Problem details:
Give the data again exactly as written, without any of its pictures.

Input data:
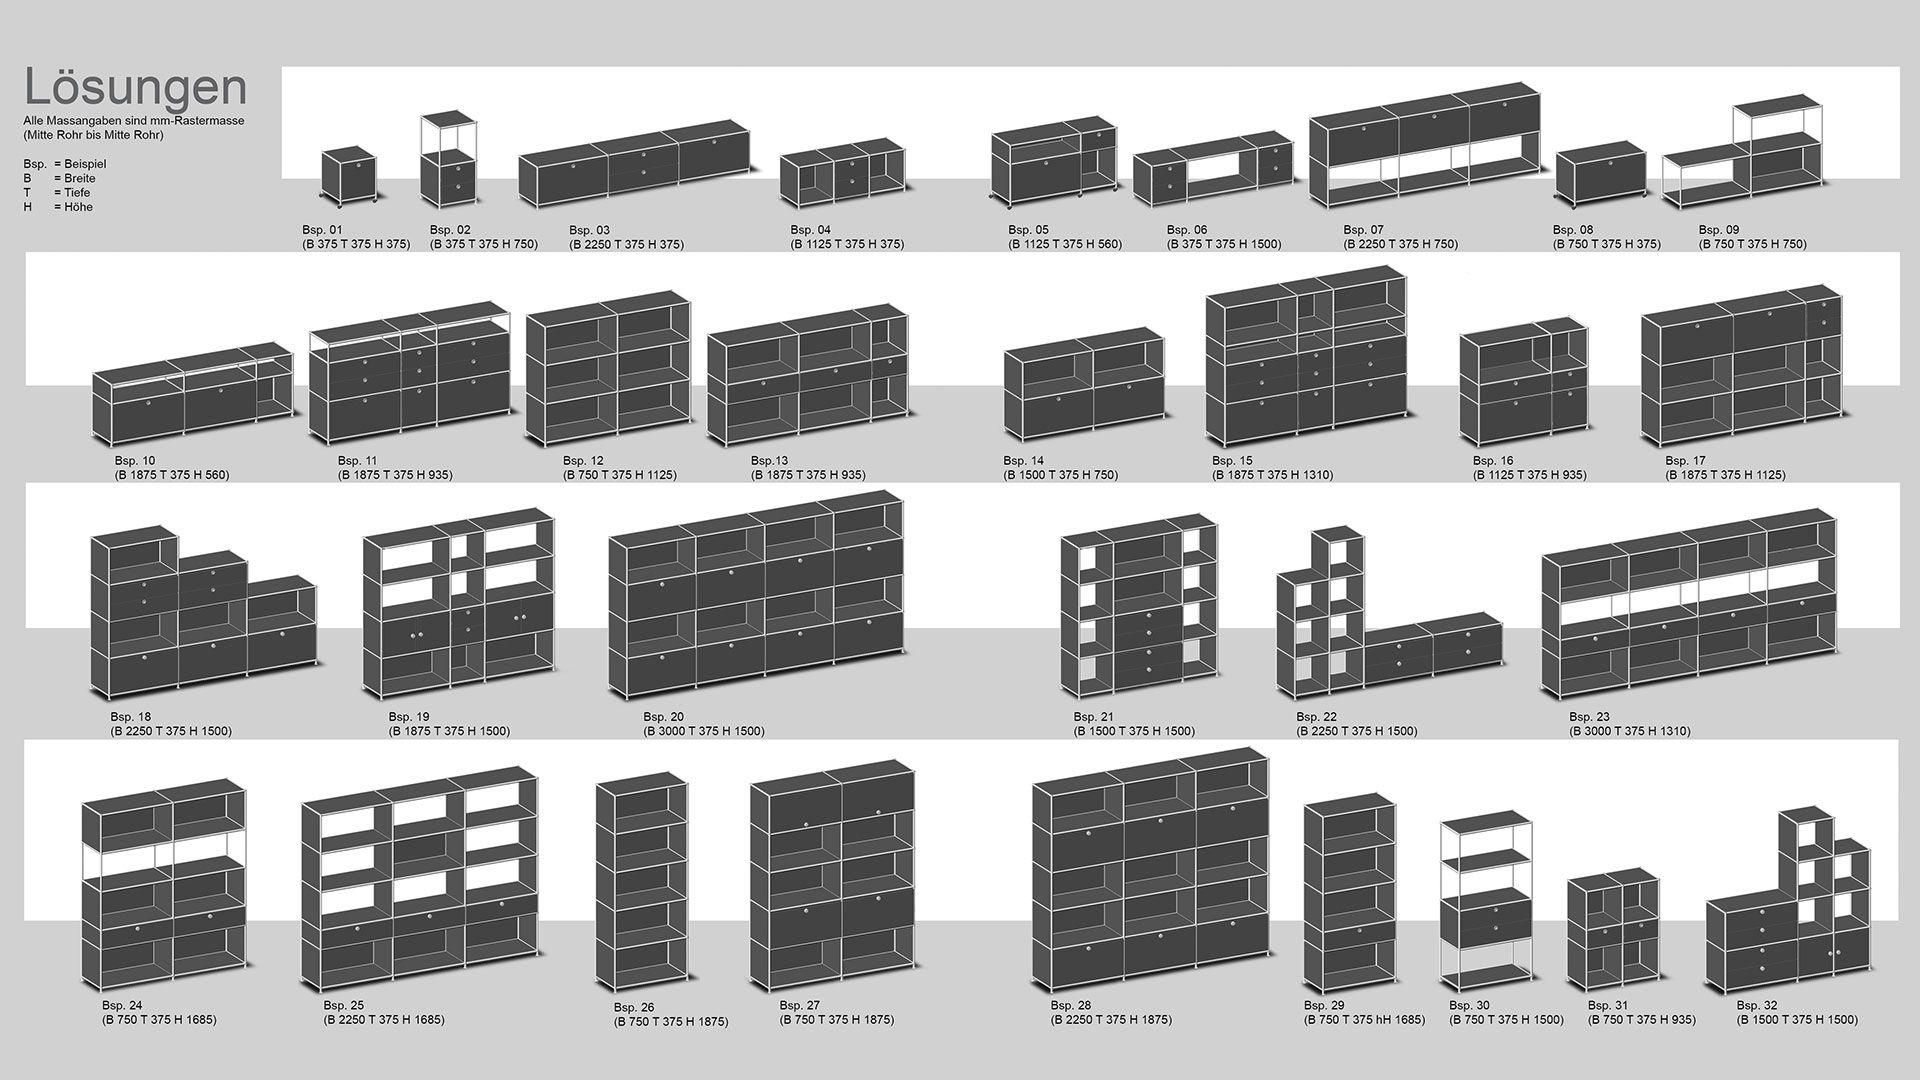 Bueromoebel Metall Sideboard Lowboard Highboard mit Klapptüren und ...
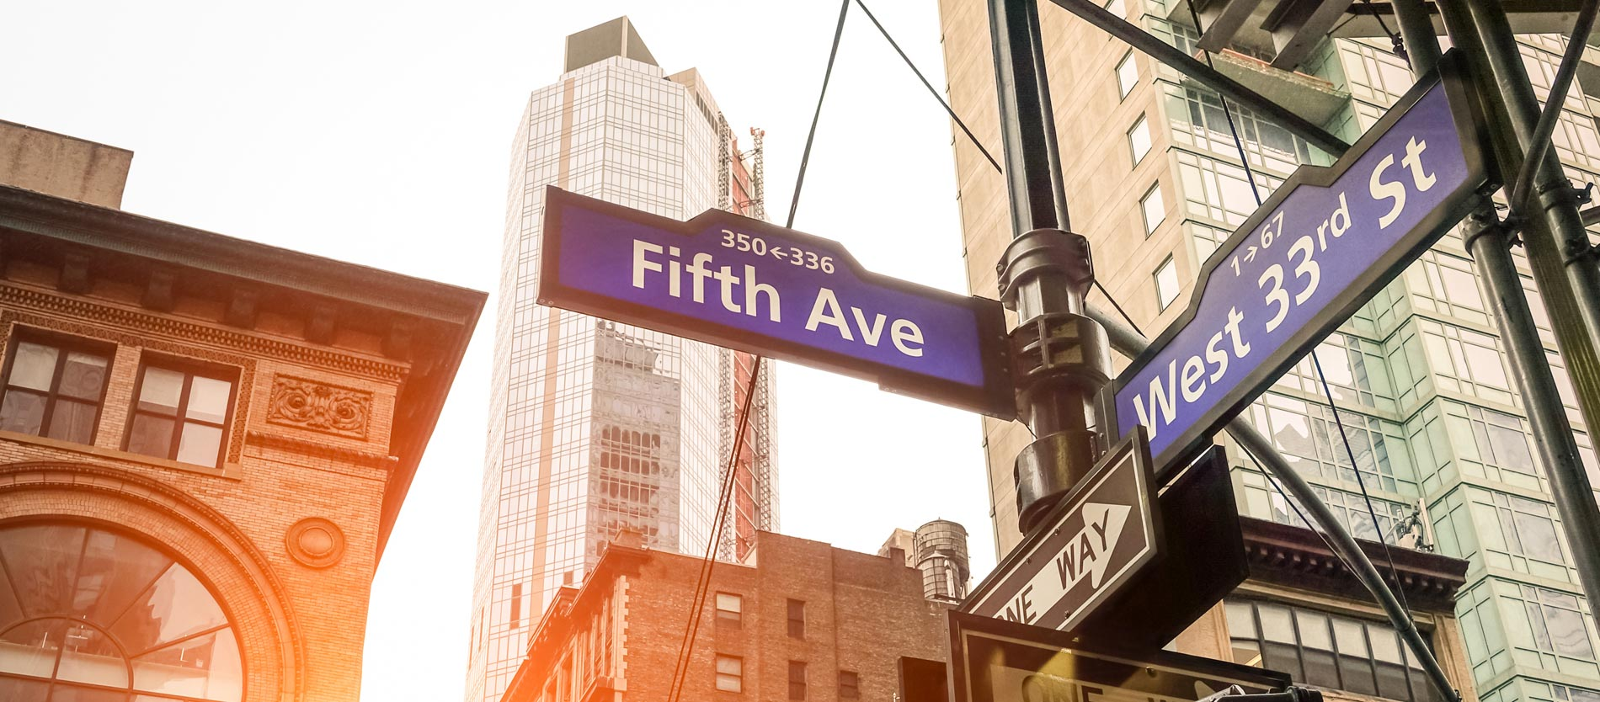 Top 10 μπαρ σεξ στη Νέα Υόρκη το εργένικο μαξιλάρι Τρικάλων και lindzi dating
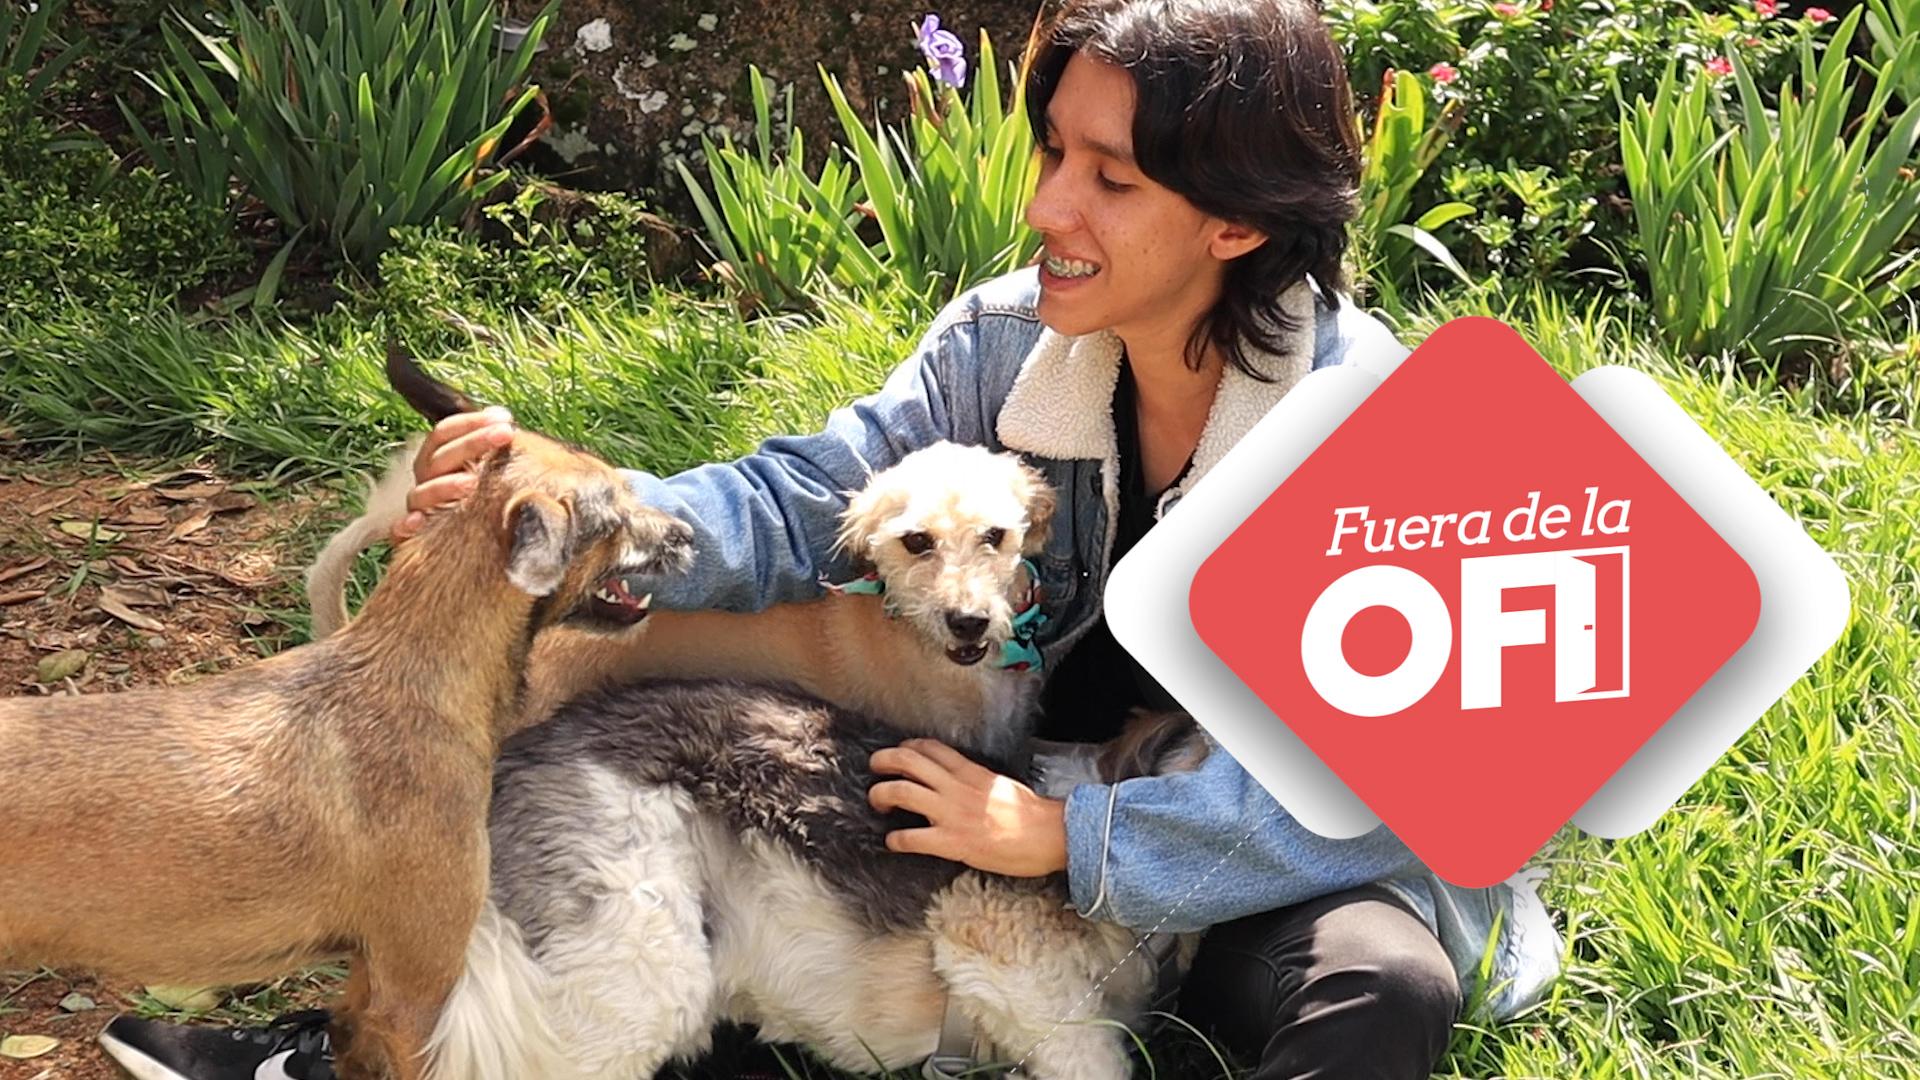 Fuera de la ofi Joan rescata perritos callejeros

Result:
 Bueromoebel Metall Sideboard Lowboard Highboard mit Klapptüren und ...
 Top 10 μπαρ σεξ στη Νέα Υόρκη το εργένικο μαξιλάρι Τρικάλων και lindzi dating
 Fuera de la ofi Joan rescata perritos callejeros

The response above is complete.